Varnish has a VMOD called vmod_directors, which takes care of load
balancing. This VMOD can register backends, and based on a
distribution algorithm, a backend is selected on a per-request basis.
Even though load balancing aims to evenly distribute the load across all servers in the pool, some directors allow you to configure a level of affinity with one or more backends.
The directors VMOD is an in-tree VMOD that is shipped with Varnish by default. It has a relatively consistent API for initialization and for adding backends.
A director object will pick a backend when the .backend() method is
called. The selected backend can be assigned to Varnish using
req.backend_hint and bereq.backend.
The round-robin director will create a director object that will
cycle through backends every time .backend() is selected.
Here’s a basic round-robin example with three backends:
vcl 4.1;
import directors;
backend backend1 {
.host = "backend1.example.com";
.port = "80";
}
backend backend2 {
.host = "backend2.example.com";
.port = "80";
}
backend backend3 {
.host = "backend3.example.com";
.port = "80";
}
sub vcl_init {
new vdir = directors.round_robin();
vdir.add_backend(backend1);
vdir.add_backend(backend2);
vdir.add_backend(backend3);
}
sub vcl_recv {
set req.backend_hint = vdir.backend();
}
new vdir = directors.round_robin() will initialize the round-robin
director object.
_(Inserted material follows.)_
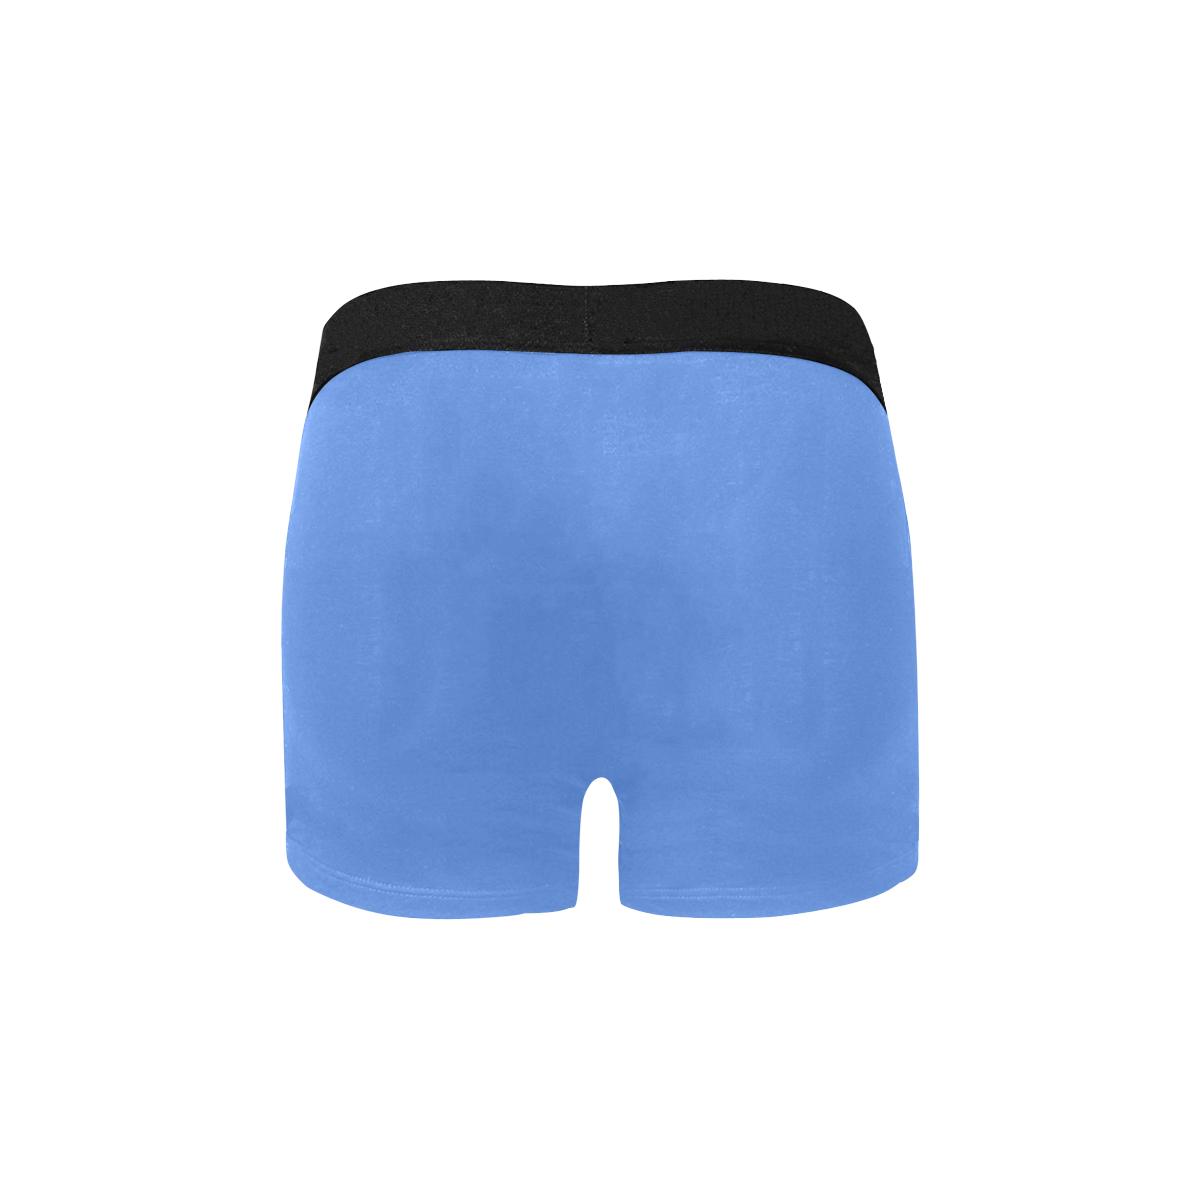 color cornflower blue Men's All Over Print Boxer Briefs (Model L34)

The vdir.add_backend() method will add the three
backends to the director.
And every time vdir.backend() is called, the director will cycle
through those backends.
Because it is done in a round-robin fashion, the order of execution is very predictable.
The output below comes from the varnishlog binary that filters on the
BackendOpen tag that indicates which backend is used:
$ varnishlog -g raw -i BackendOpen
32786 BackendOpen b 26 boot.backend1 172.21.0.2 80 172.21.0.5 56422
24 BackendOpen b 27 boot.backend2 172.21.0.4 80 172.21.0.5 45792
32789 BackendOpen b 28 boot.backend3 172.21.0.3 80 172.21.0.5 54702
27 BackendOpen b 26 boot.backend1 172.21.0.2 80 172.21.0.5 56422
32792 BackendOpen b 27 boot.backend2 172.21.0.4 80 172.21.0.5 45792
32795 BackendOpen b 28 boot.backend3 172.21.0.3 80 172.21.0.5 54702
As you can see backend1 is used first, then backend2, and finally
backend3. This order of execution is respected for subsequent
requests.
Round-robin will ensure an equal distribution of load across all origin servers.
The random director will distribute the load using a weighted random probability distribution.
The API doesn’t differ much from the round-robin director. In the snippet below, there is equal weighting:
sub vcl_init {
new vdir = directors.random();
vdir.add_backend(backend1, 1);
vdir.add_backend(backend2, 1);
vdir.add_backend(backend3, 1);
}
The formula that is used to determine the weighting is
100 * (weight / .(sum(all_added_weights))).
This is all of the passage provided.